Концепция договорной ответственности во французском гражданском праве построена на основе упомянутого выше феномена форс-мажора (непреодолимой силы). Статья 1148 ФГК, в частности, устанавливала, что нет основания к взысканию убытков, если вследствие форс-мажора (force majeure) или случайного события (cas fortuit), рассматриваемых как синонимы [12. Р. 57; 13. Р. 32-33], должник не смог дать или сделать то, в отношении чего он давал обязательство, или сделал то, что ему было воспрещено.

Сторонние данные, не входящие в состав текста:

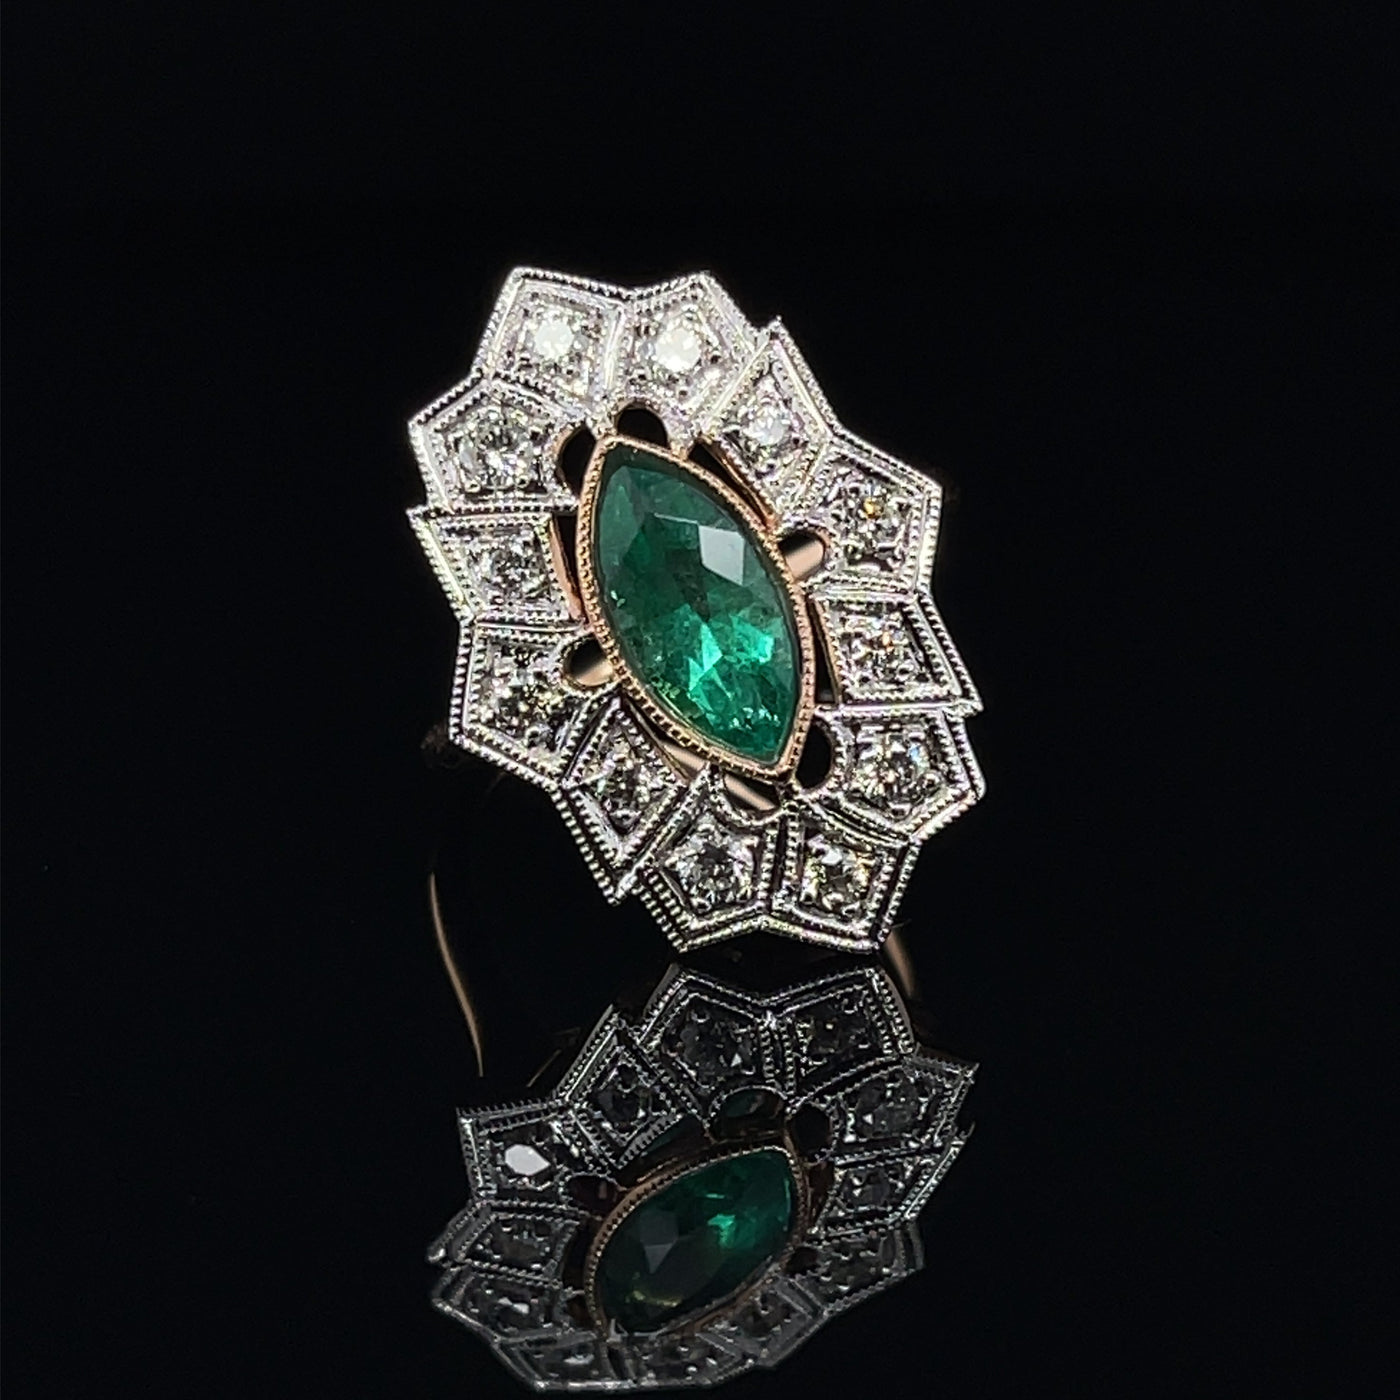 18CT Rose Gold Colombian Marquise Emerald and Diamond Ring

Эта норма подкреплялась и ст. 1177 ФГК, в соответствии с которой при наличии оснований должник присуждался к возмещению убытков, возникших как вследствие неисполнения обязательства, так и вследствие просрочки исполнения во всех случаях, когда он не представлял доказательств того, что неисполнение или просрочка произошли в силу посторонней причины, которая не может быть поставлена ему в вину (cause étrangère), если, кроме того, с его стороны не было проявлено никакой недобросовестности.
Таким образом, не всегда невозможность исполнения обязательства является результатом возникновения форс-мажора, но форс-мажор, будучи непредсказуемым и непредотвратимым событием, за возникновение которого ни одна из сторон не отвечает, может повлечь возникновение невозможности исполнения обязательства [12. Р. 196; 14. Р. 634-635; 15. Р. 454], освобождая при этом должника от ответственности за неисполнение последнего.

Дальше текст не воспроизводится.